## What is being asked
Copy out the data exactly, leaving the pictures behind.

## Dataset content
____________

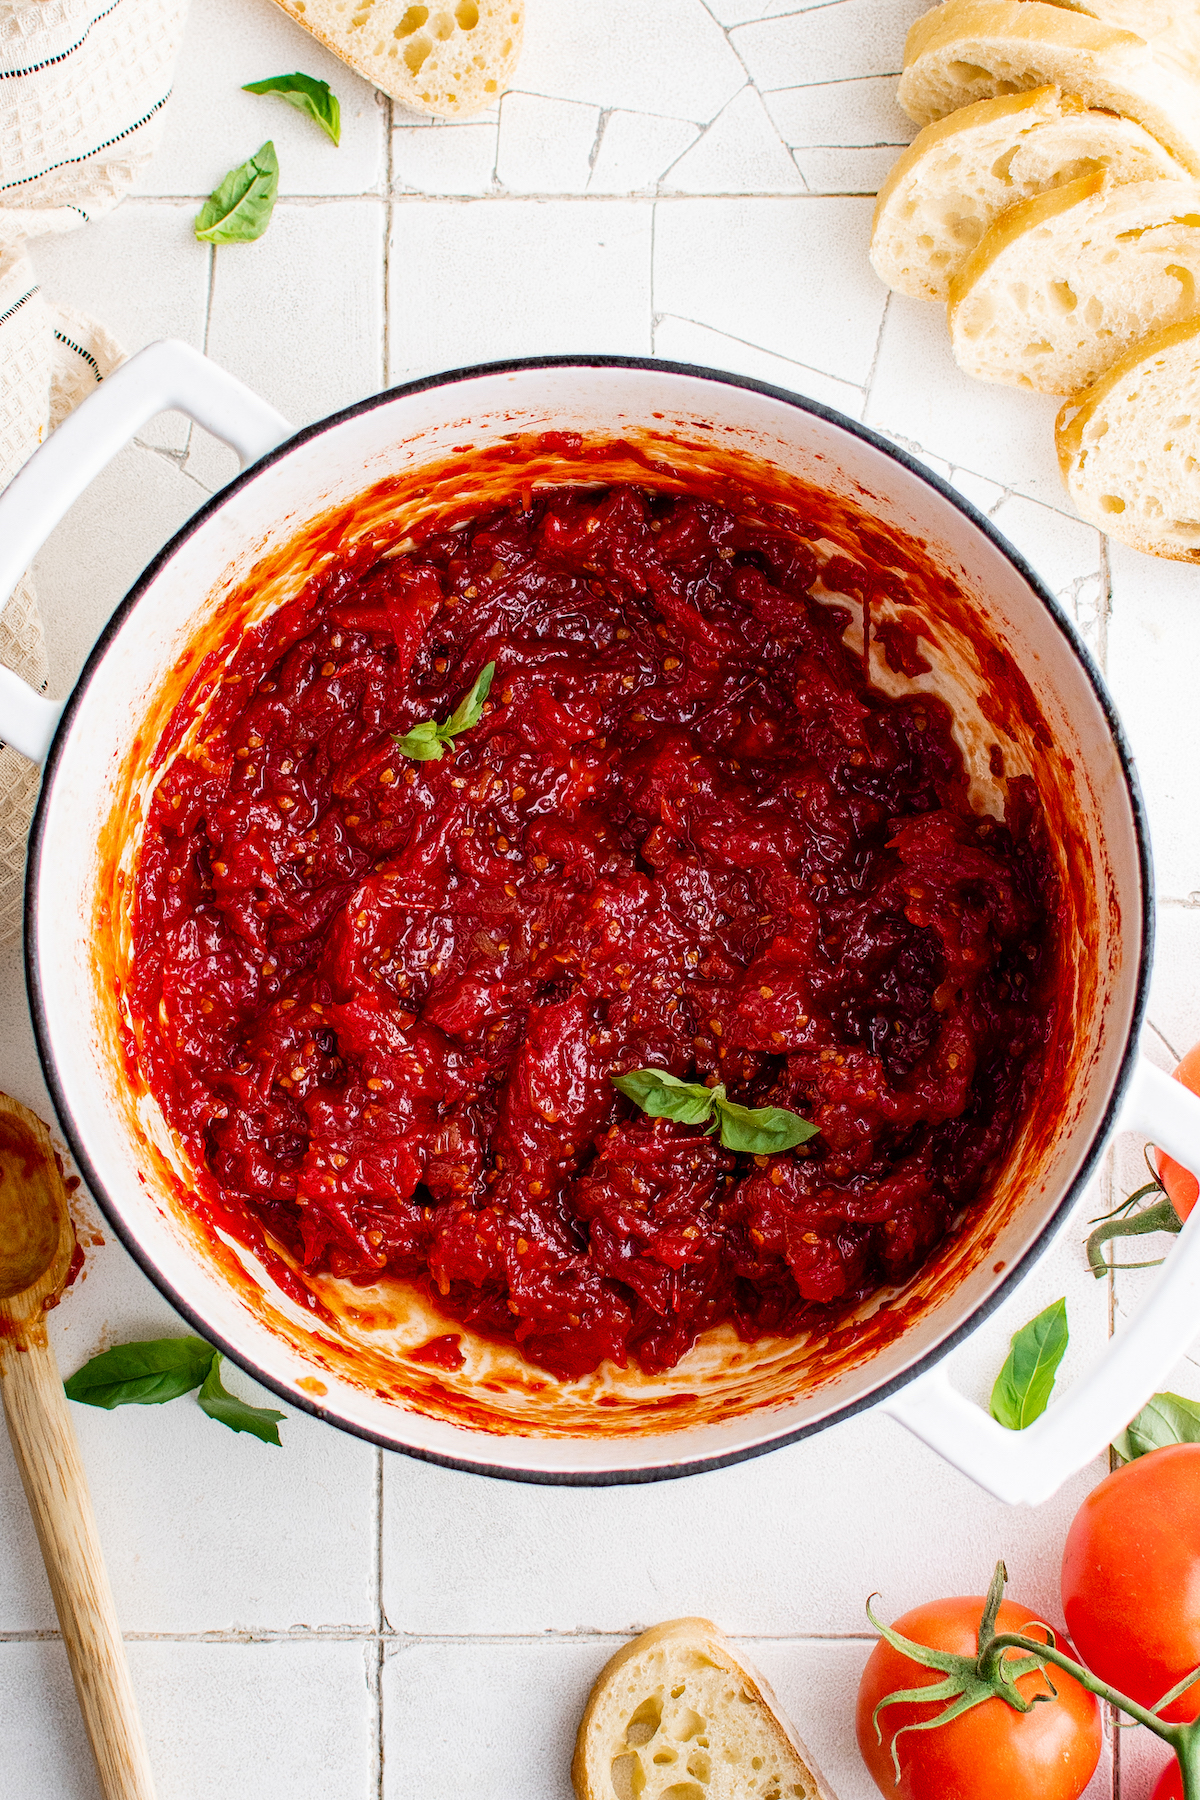 Slow-simmered tomato jam in a pot.
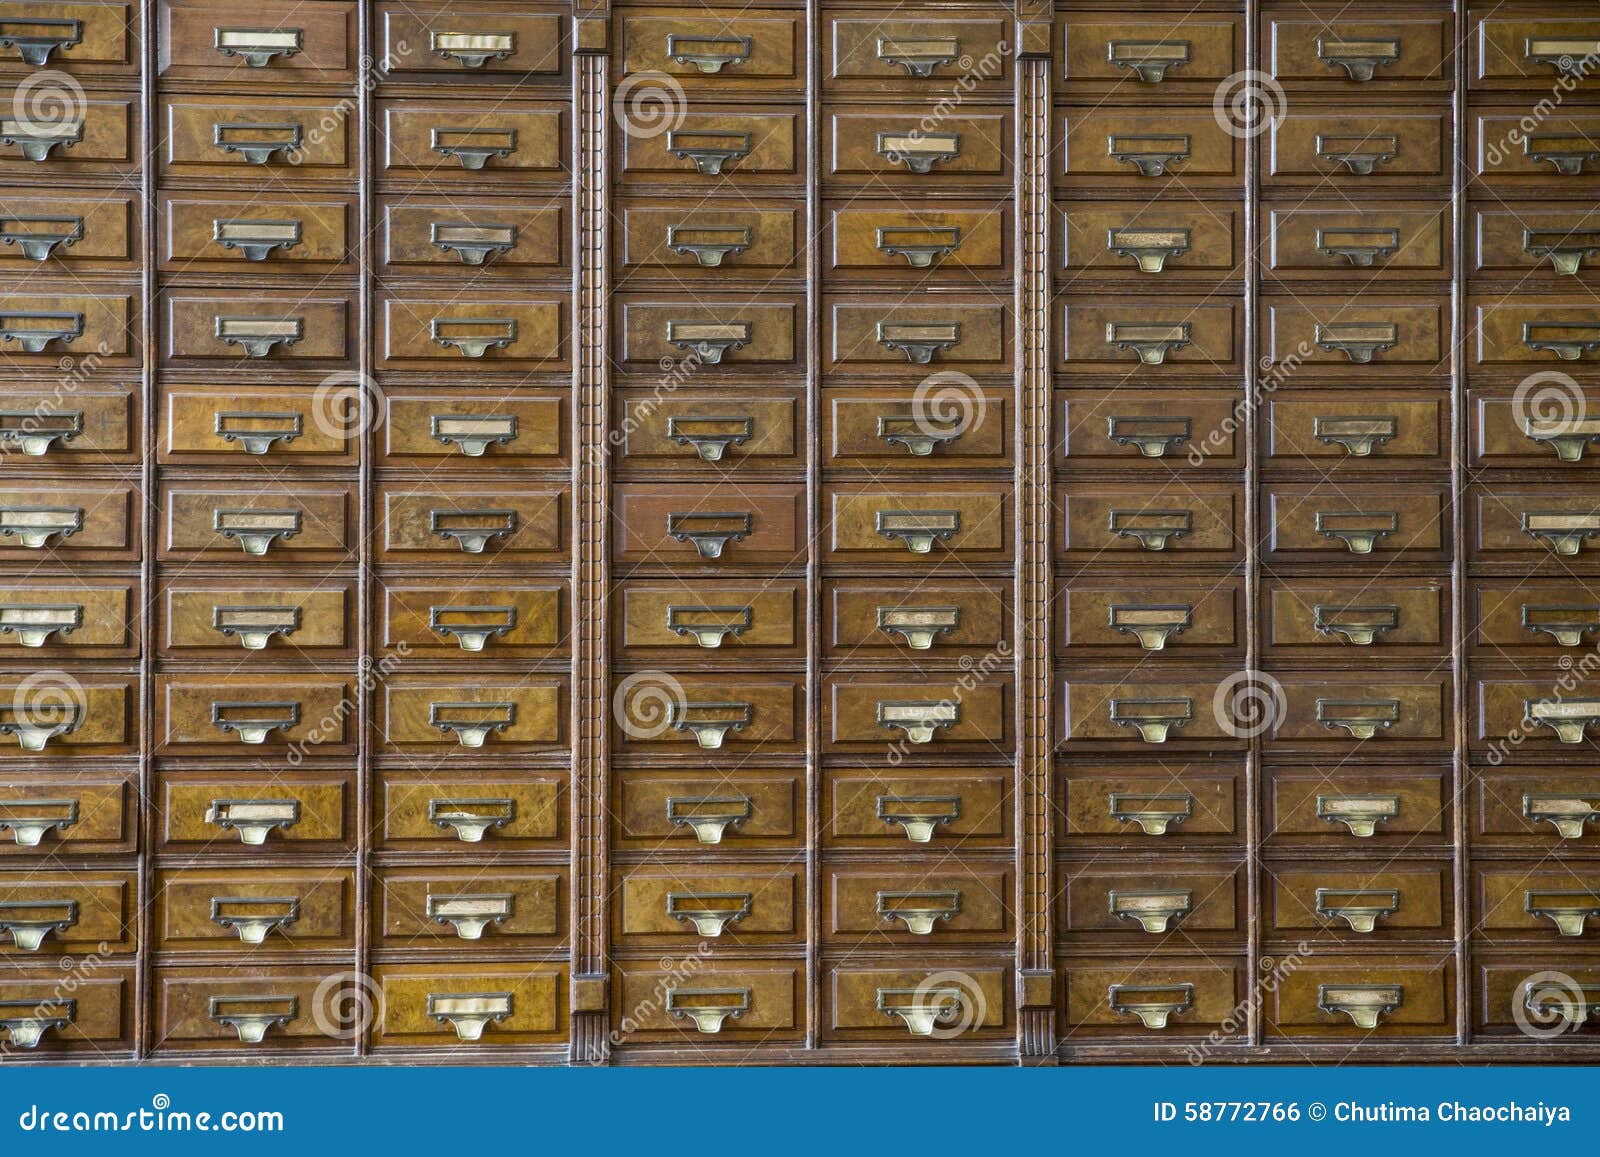 Close Up Of A Very Old Apothecary Cabinet Stock Photo Image Of
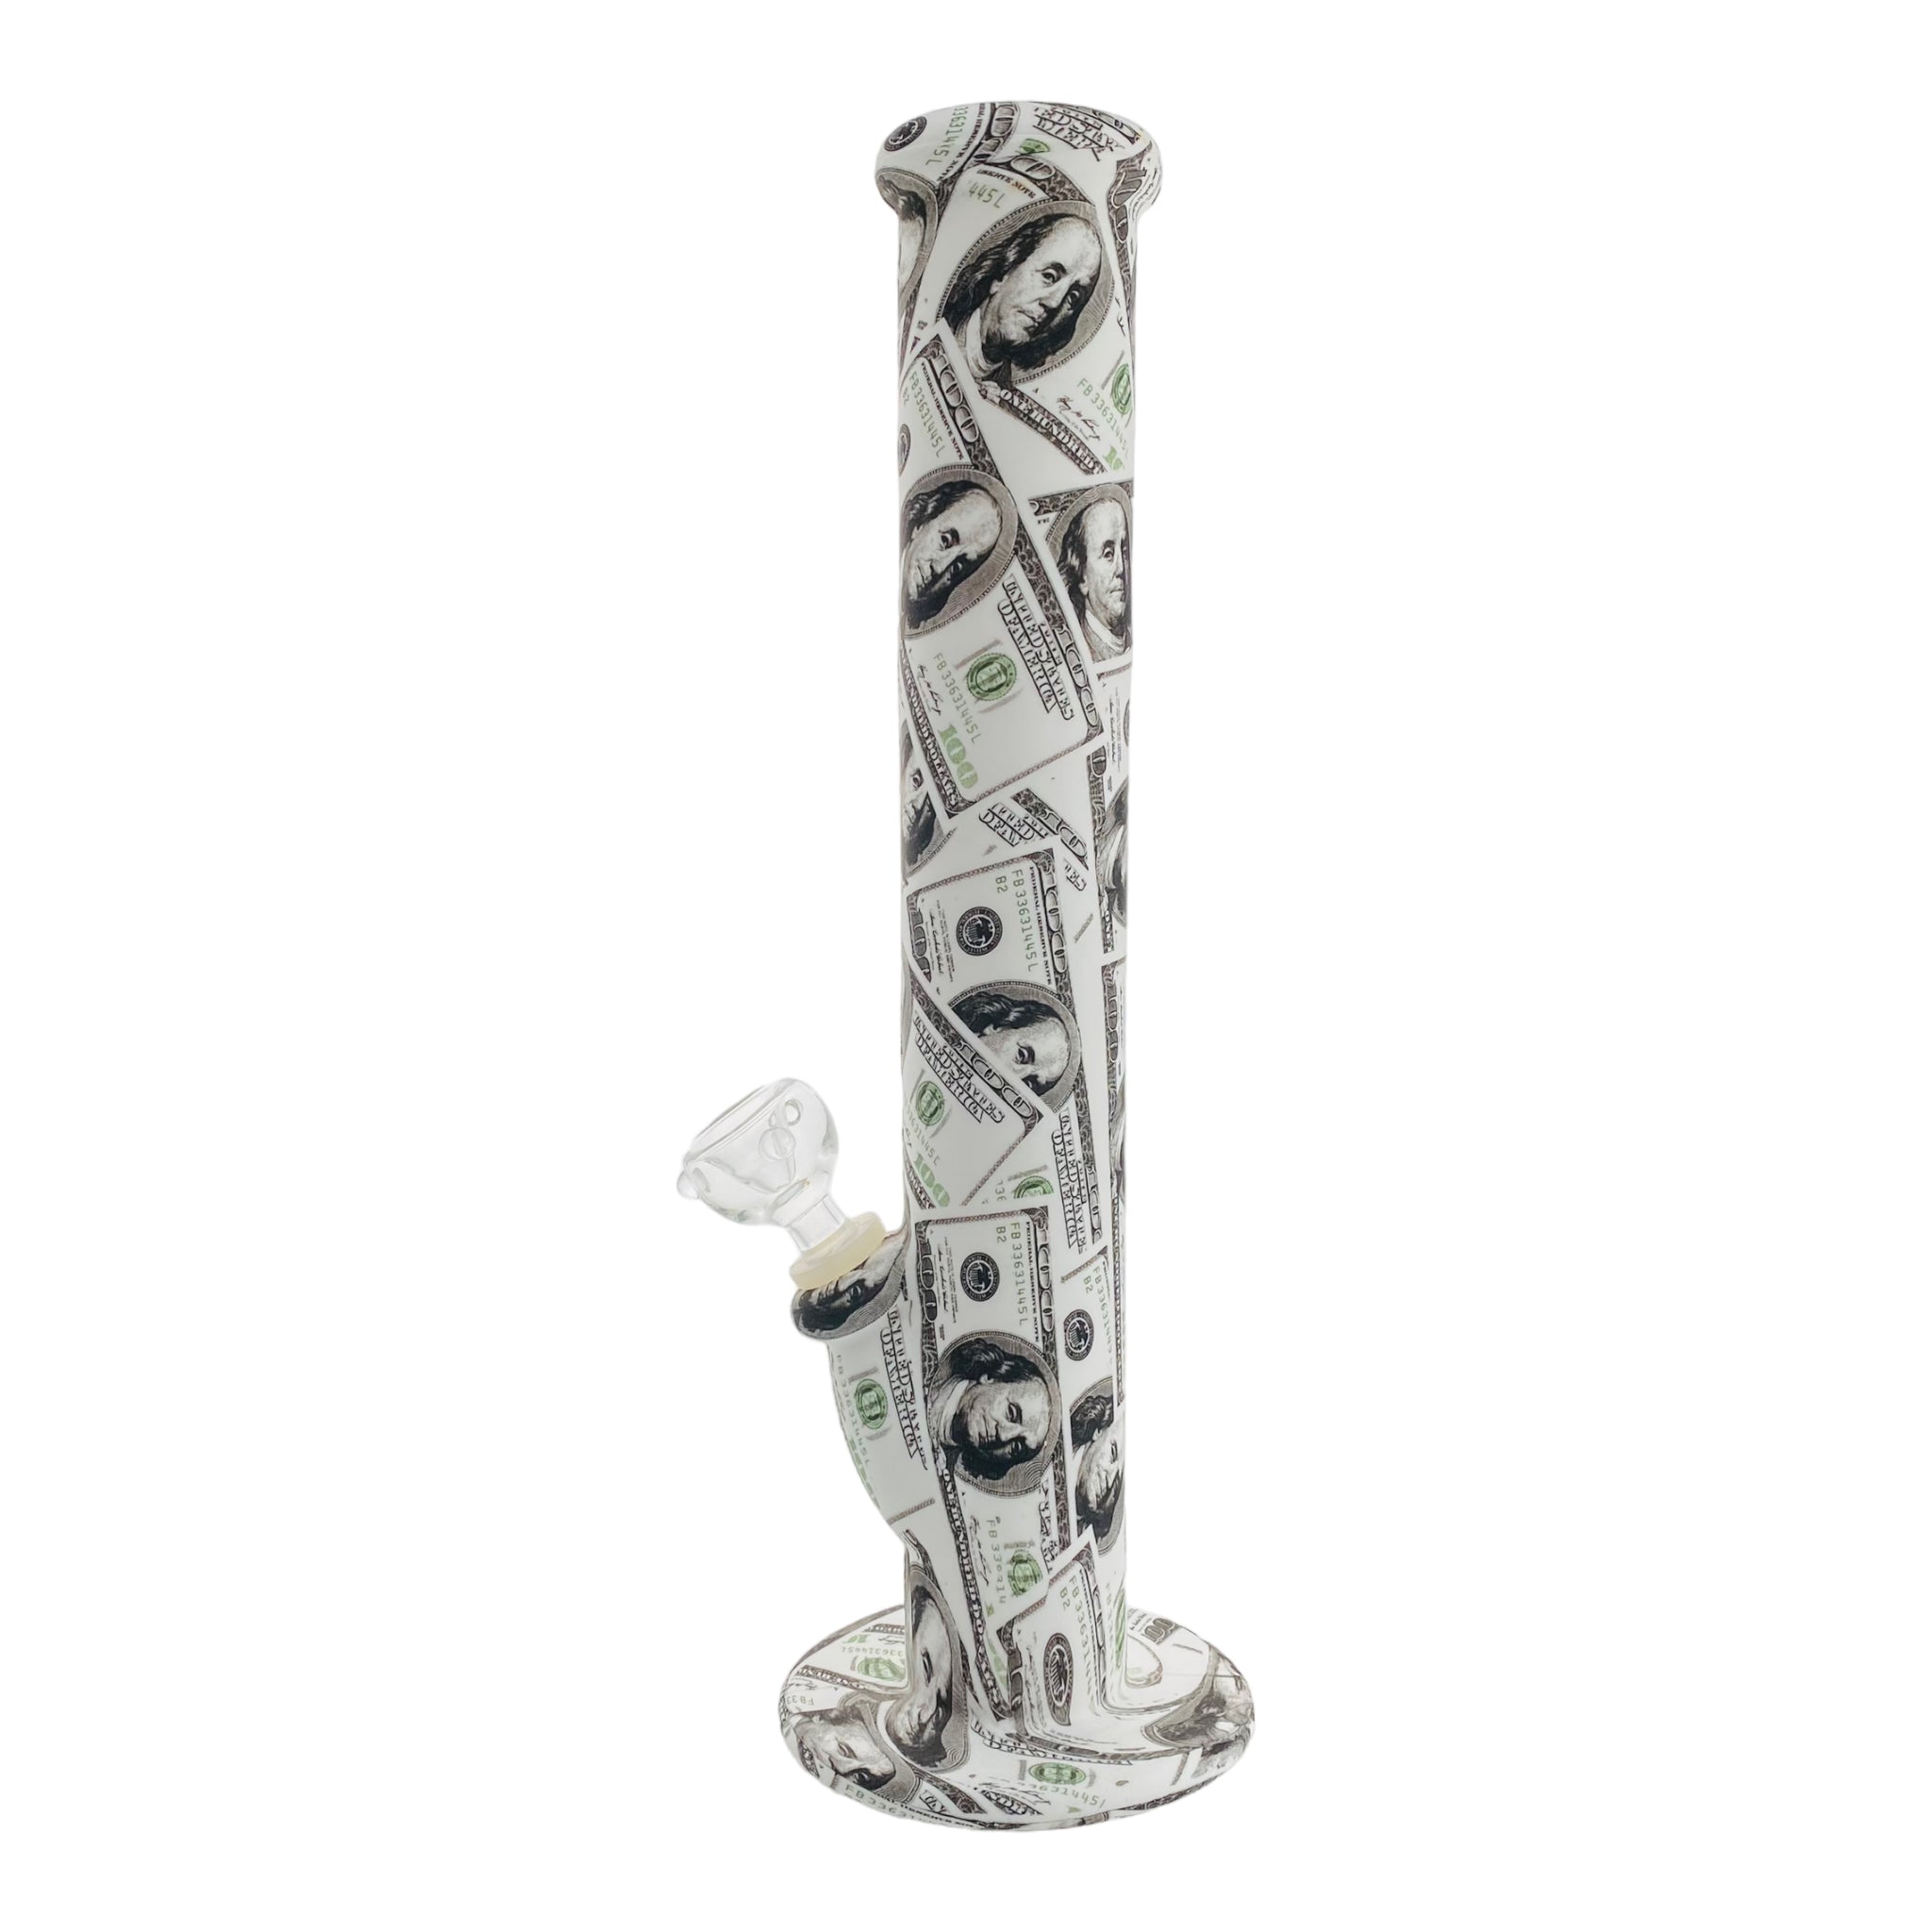 12 Inch Silicone Straight Bong With $100 Bills

____________

## Expected answer
 Slow-simmered tomato jam in a pot.
 Close Up Of A Very Old Apothecary Cabinet Stock Photo Image Of
 12 Inch Silicone Straight Bong With $100 Bills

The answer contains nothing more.